● WORK REQUIRED:
In the entries below, find the line with "foglie verdi e" and the line with "Psg-Borussia Dortmund, alle". Return those two lines and all lines between them, exactly.

● DATA TO USE:

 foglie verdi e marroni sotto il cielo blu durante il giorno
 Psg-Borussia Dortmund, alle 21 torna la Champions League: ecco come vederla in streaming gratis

--

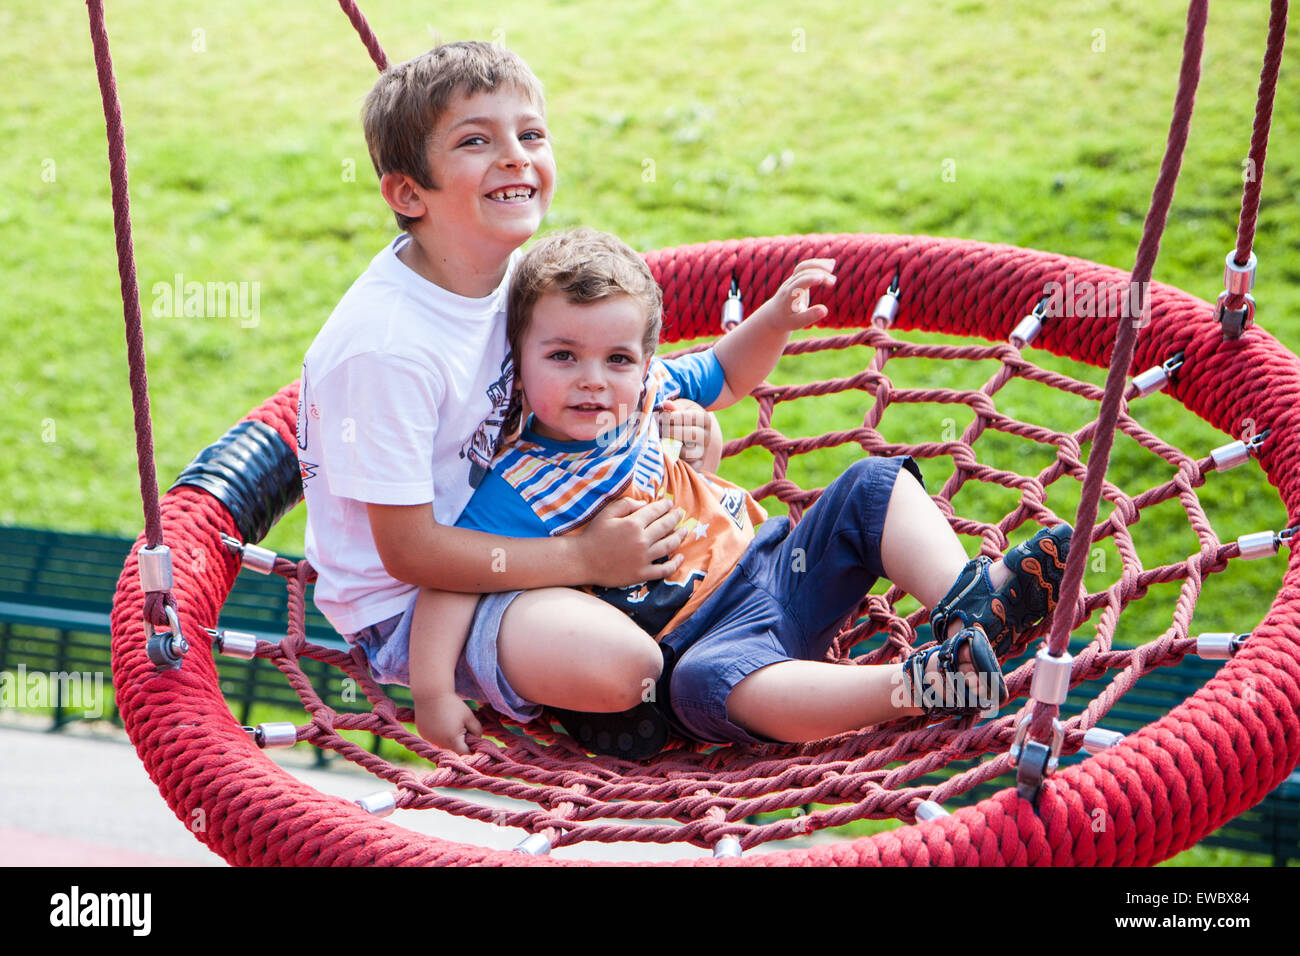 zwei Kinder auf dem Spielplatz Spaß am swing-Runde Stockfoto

* * *

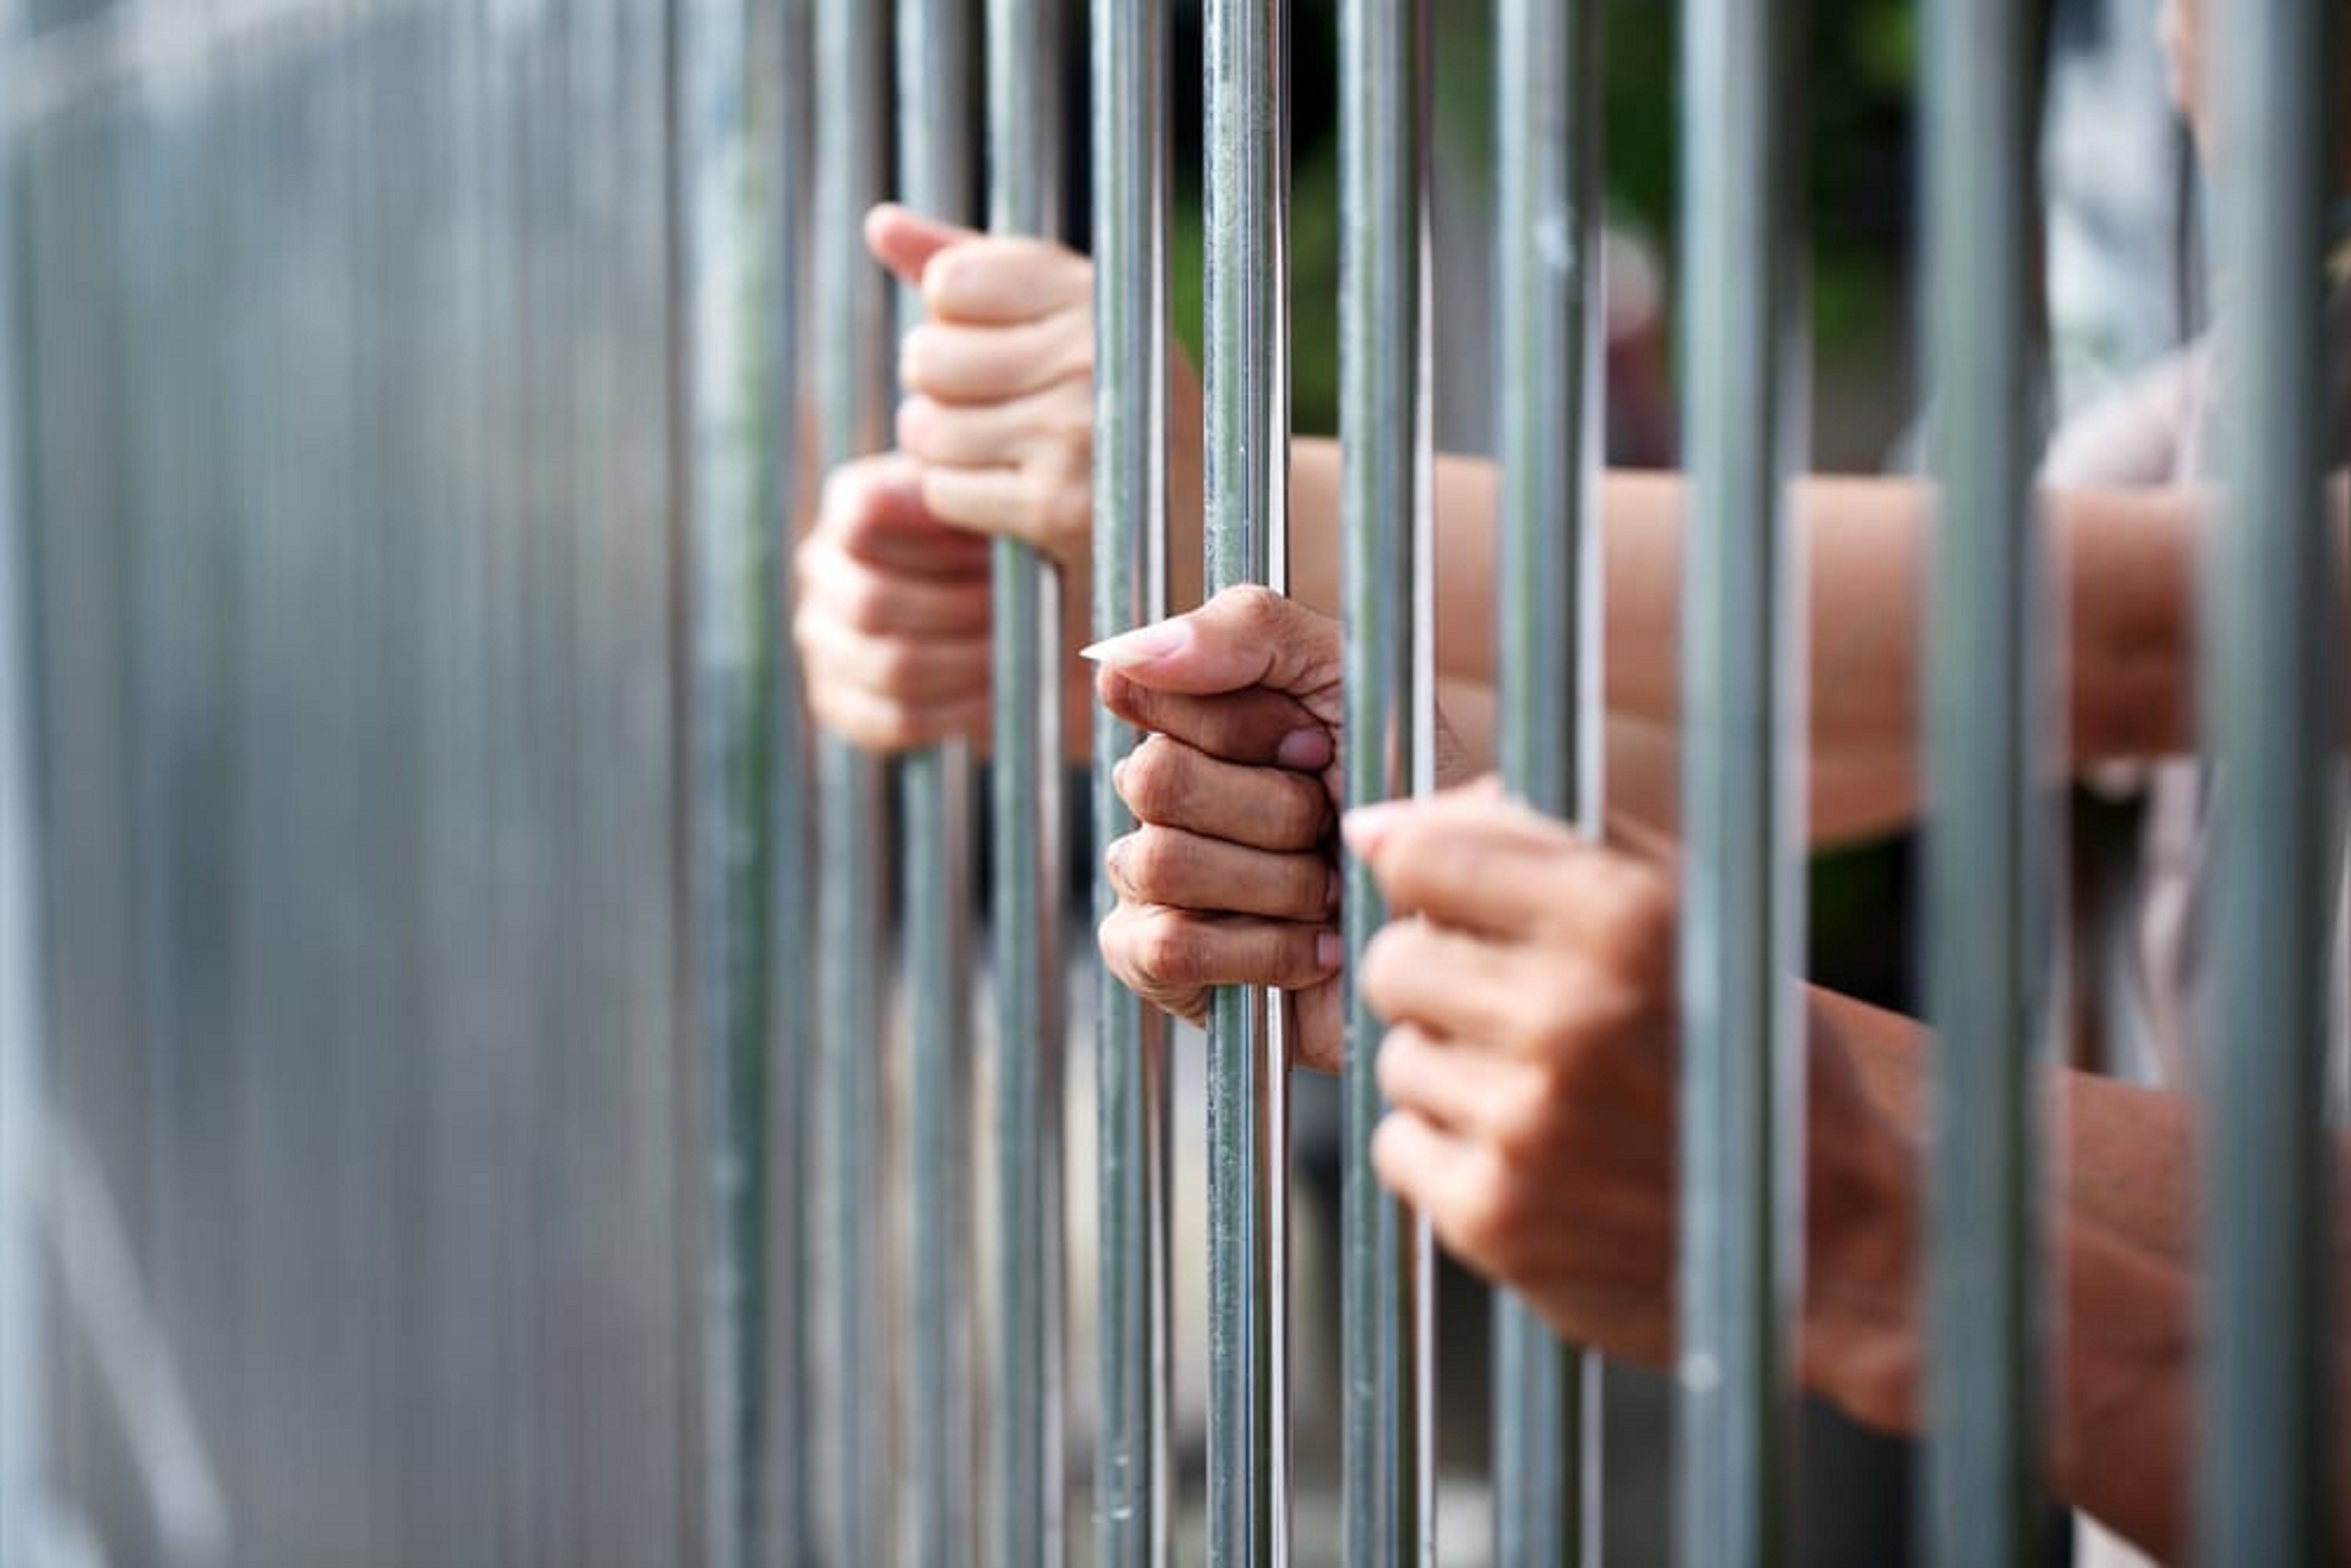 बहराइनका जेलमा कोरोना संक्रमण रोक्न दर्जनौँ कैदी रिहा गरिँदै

● SOLUTION:
 foglie verdi e marroni sotto il cielo blu durante il giorno
 Psg-Borussia Dortmund, alle 21 torna la Champions League: ecco come vederla in streaming gratis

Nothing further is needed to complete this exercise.